YOUR GOAL
Records follow. Print exactly the lines from the one that has "Kaki wool coat" through the one that has "SIZE 40 (M)", inclusive, and omit the pictures.
BEGIN DATASET EXTRACT
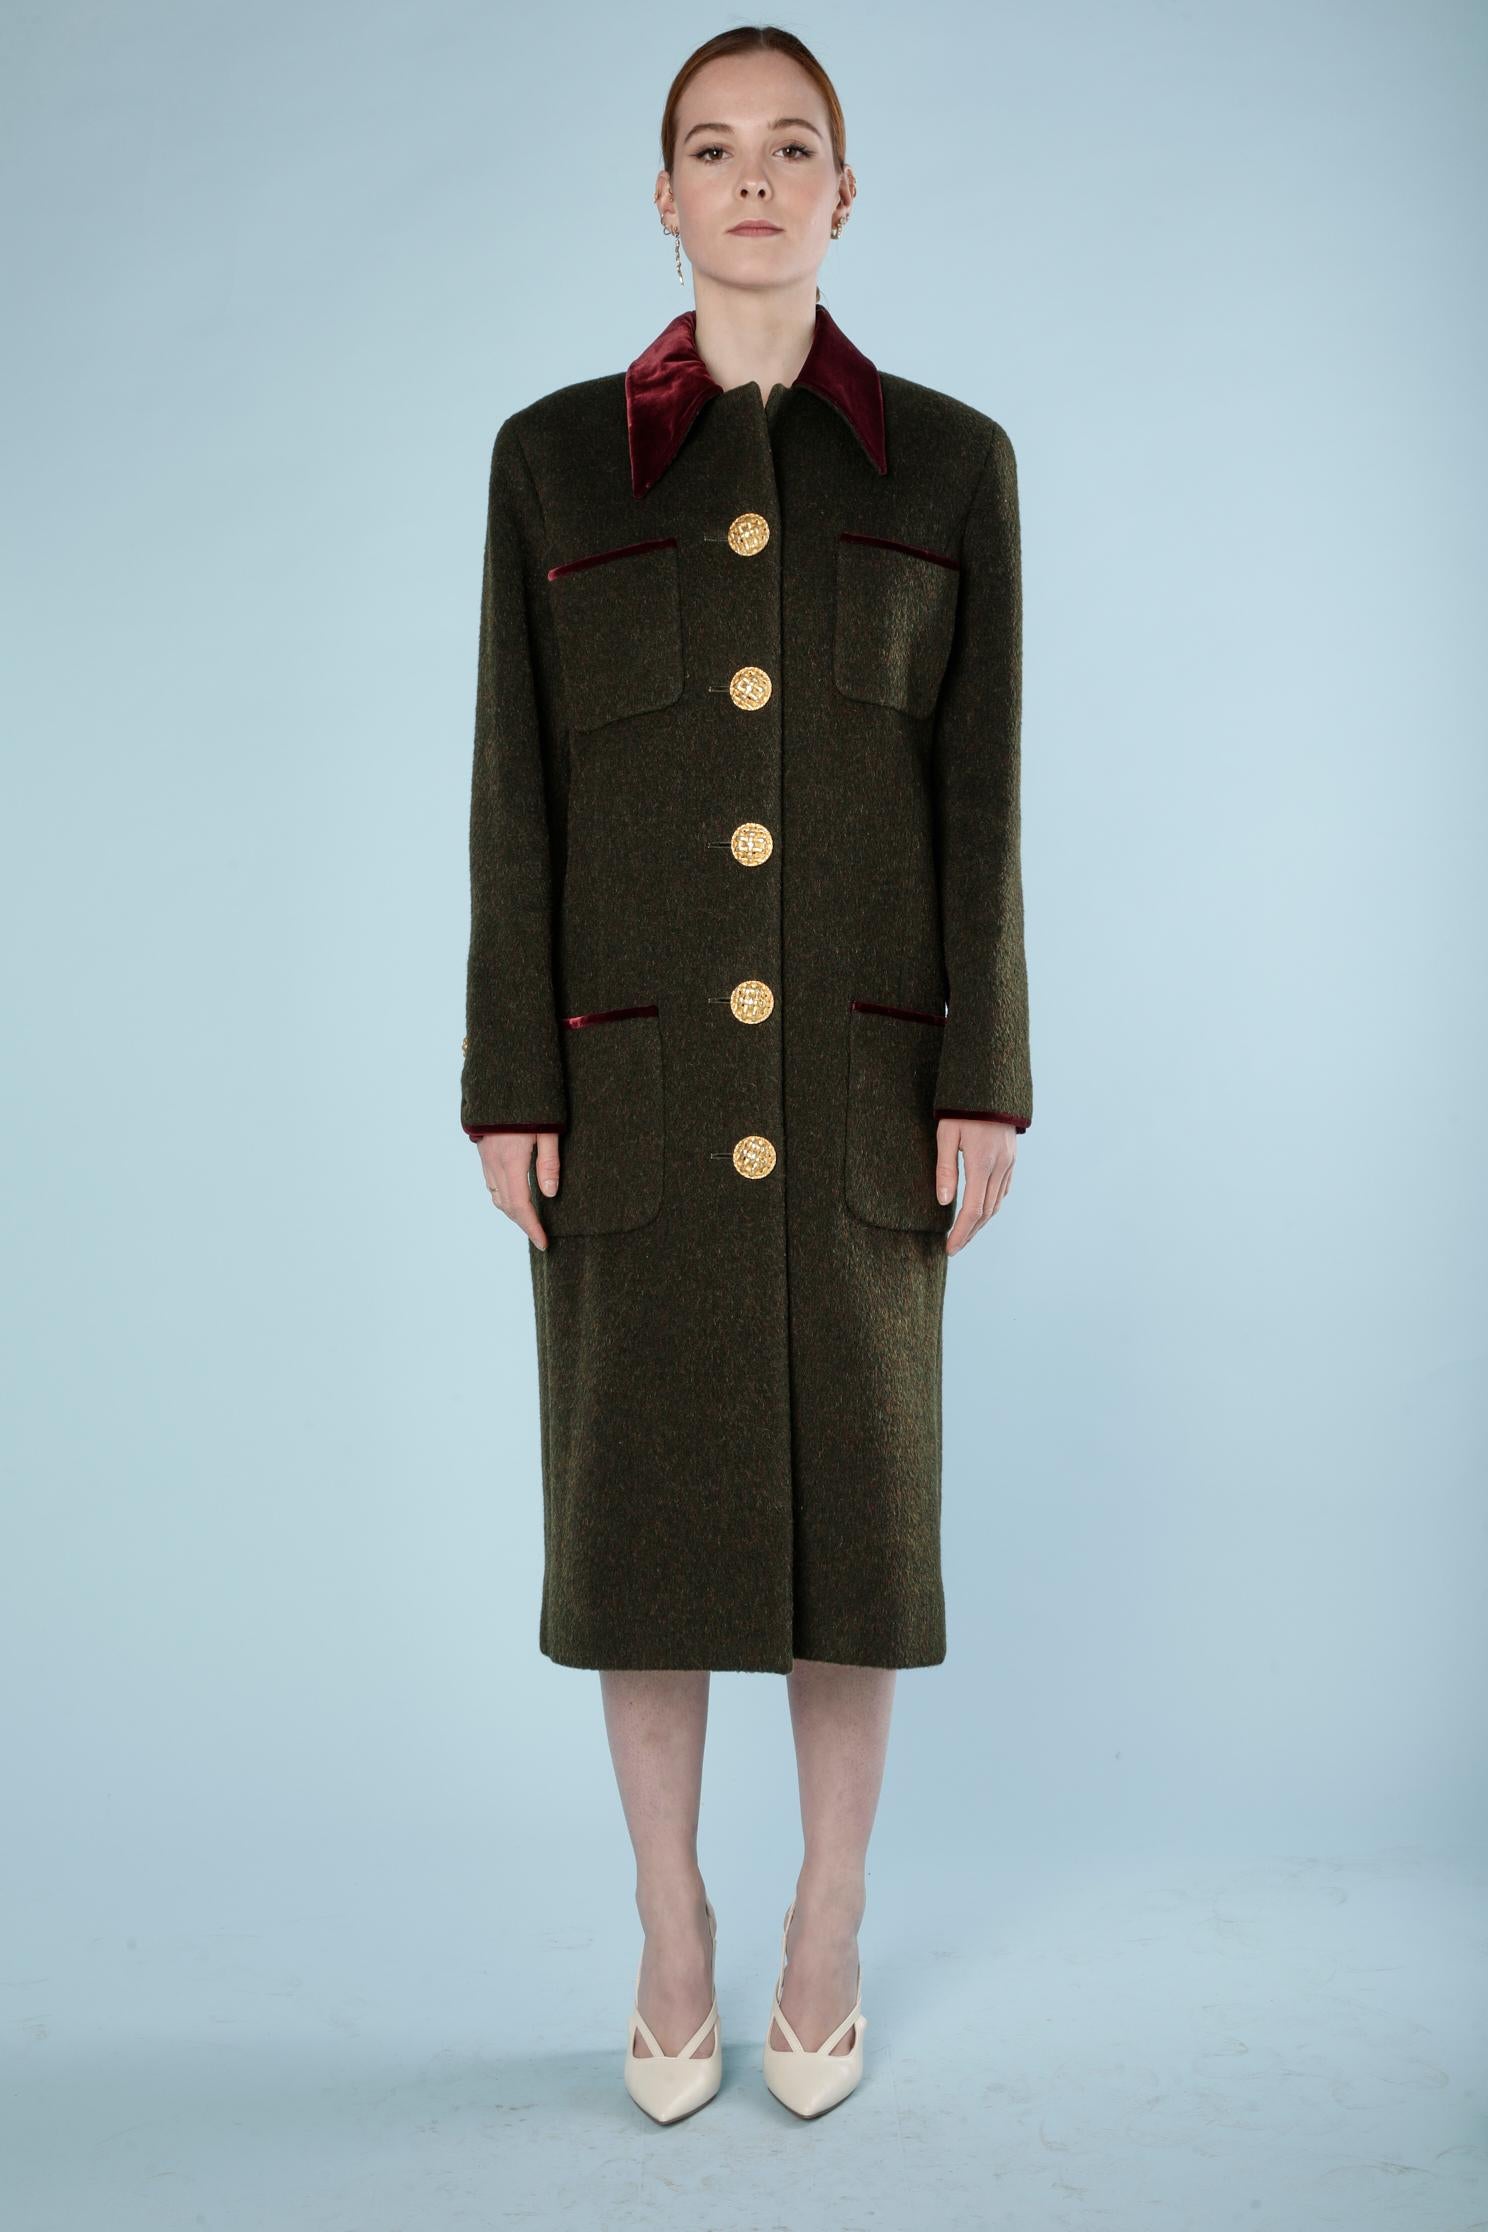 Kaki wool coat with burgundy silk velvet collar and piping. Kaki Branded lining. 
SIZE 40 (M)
END DATASET EXTRACT
BEGIN DATASET EXTRACT
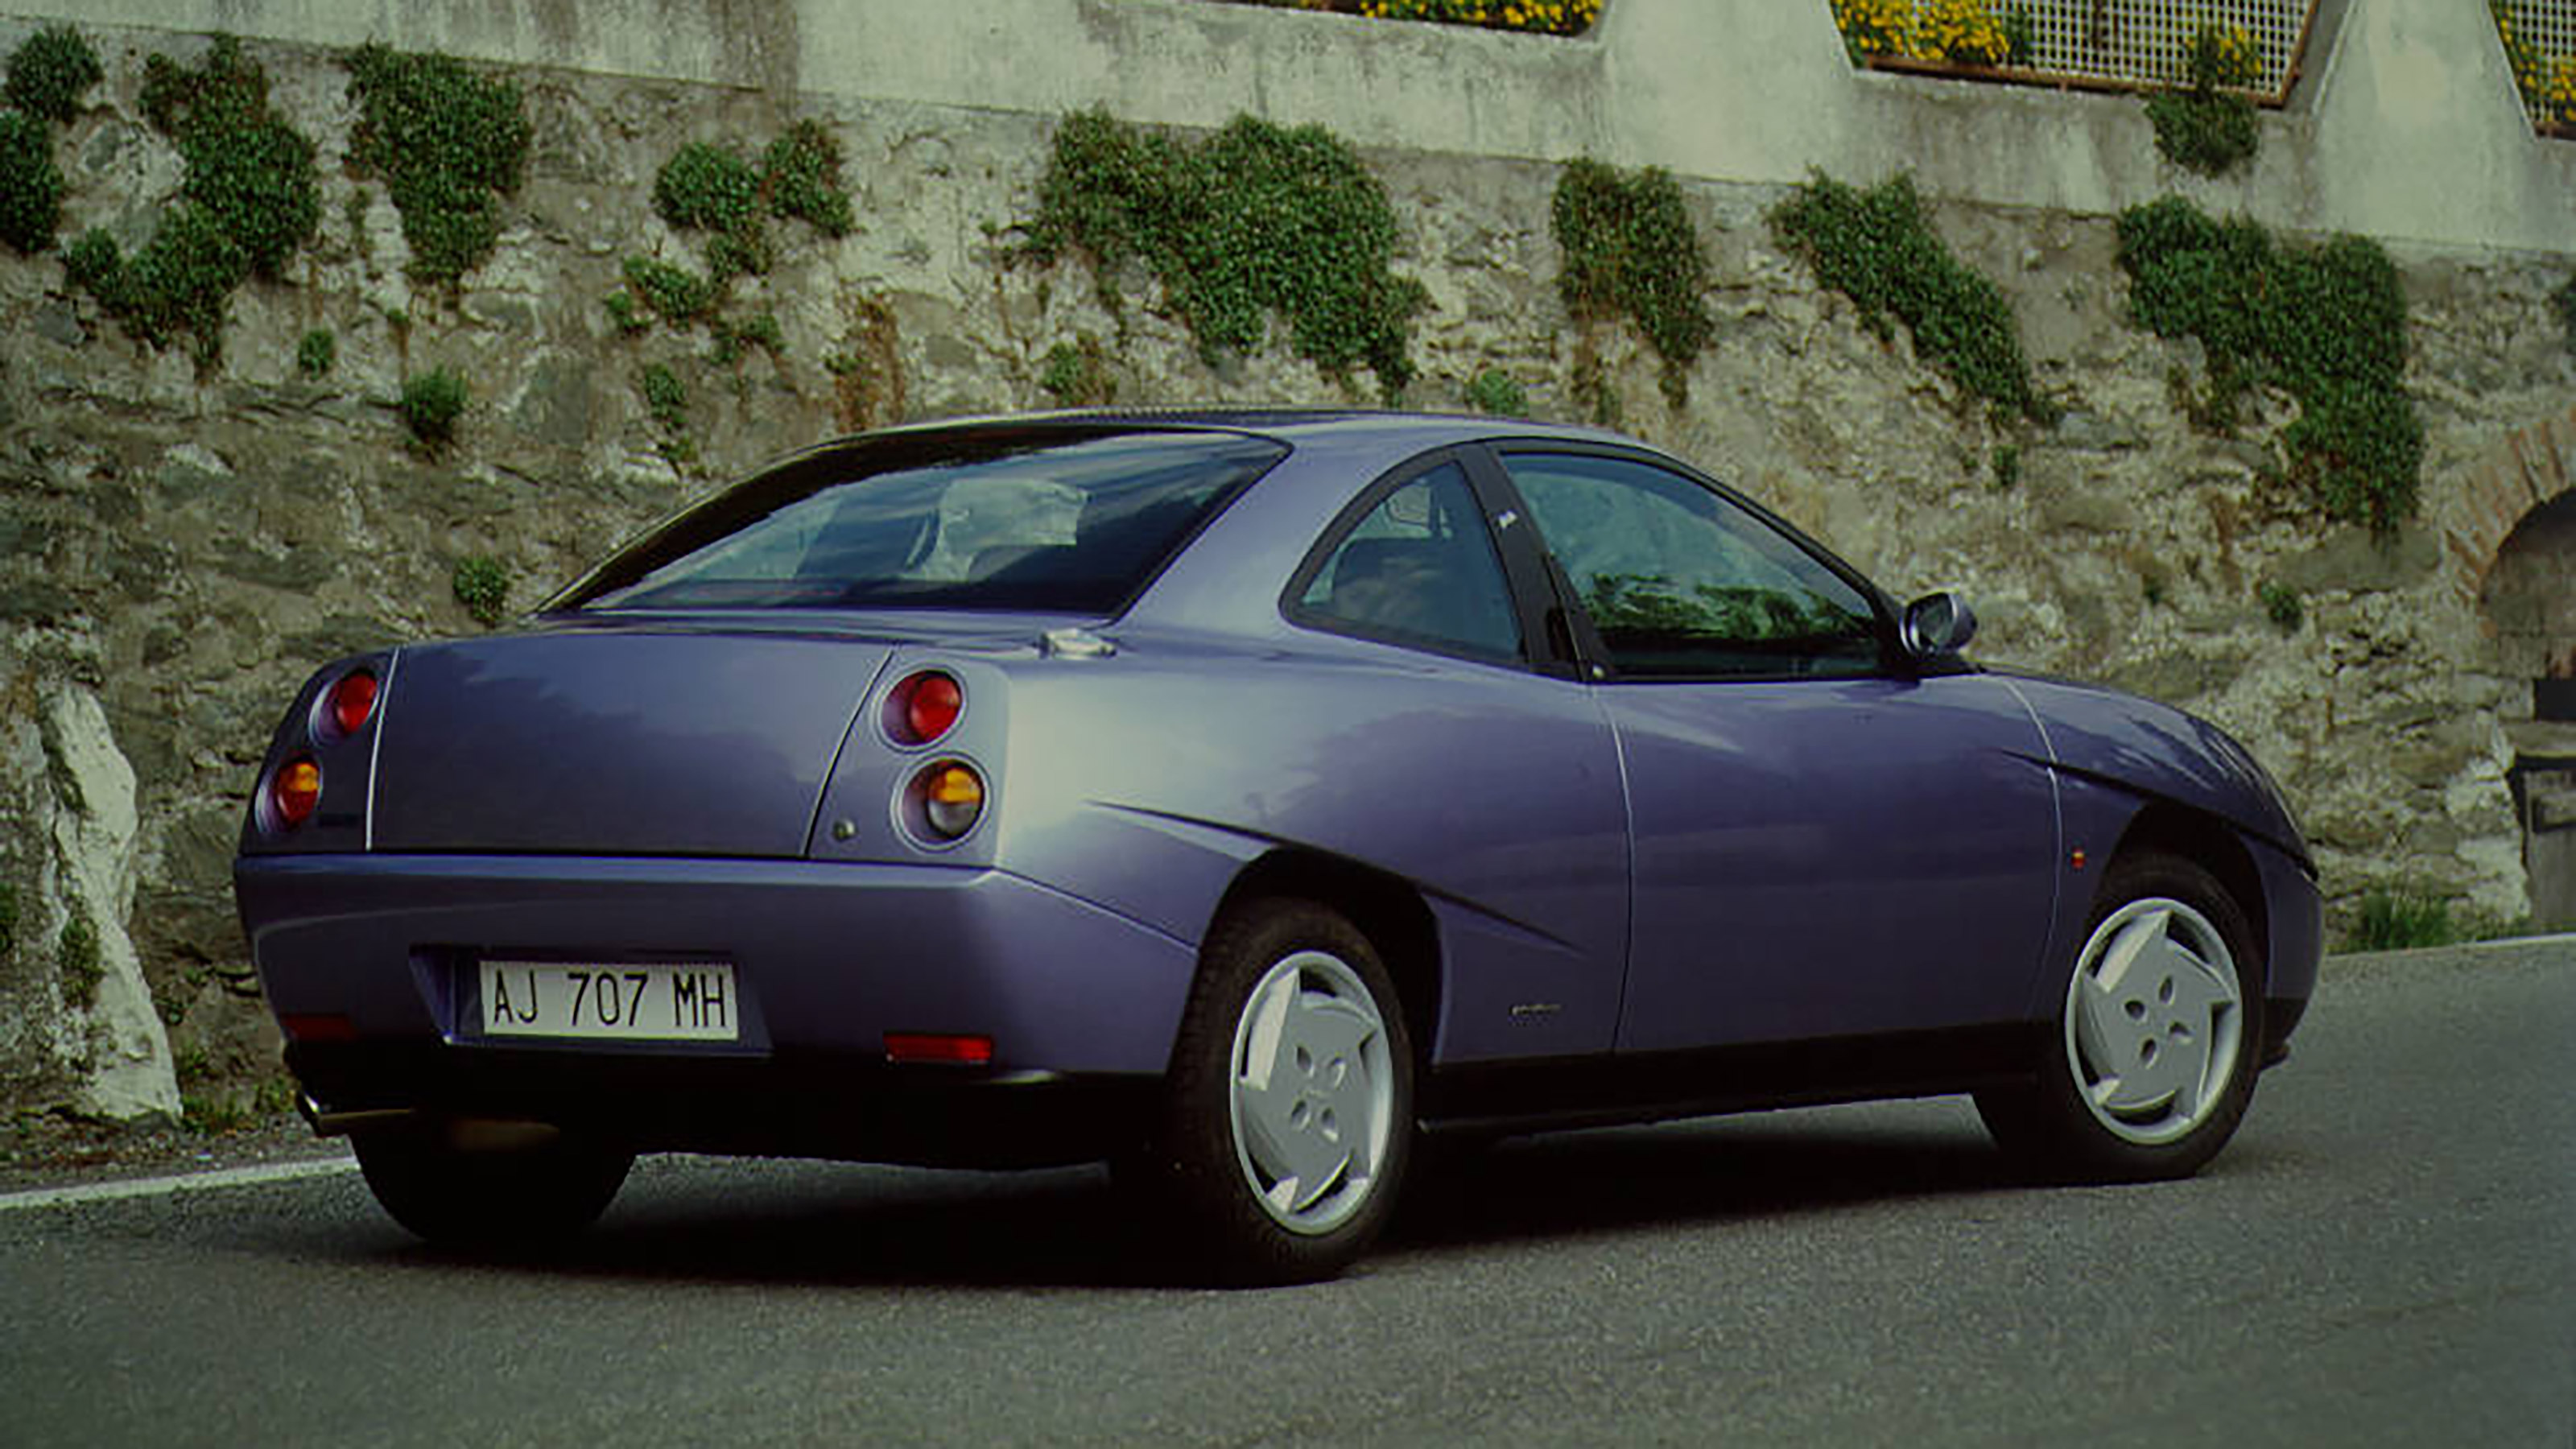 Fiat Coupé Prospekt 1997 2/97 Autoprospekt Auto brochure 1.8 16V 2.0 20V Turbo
END DATASET EXTRACT
ANSWER TO THE PROBLEM
 Kaki wool coat with burgundy silk velvet collar and piping. Kaki Branded lining. 
SIZE 40 (M)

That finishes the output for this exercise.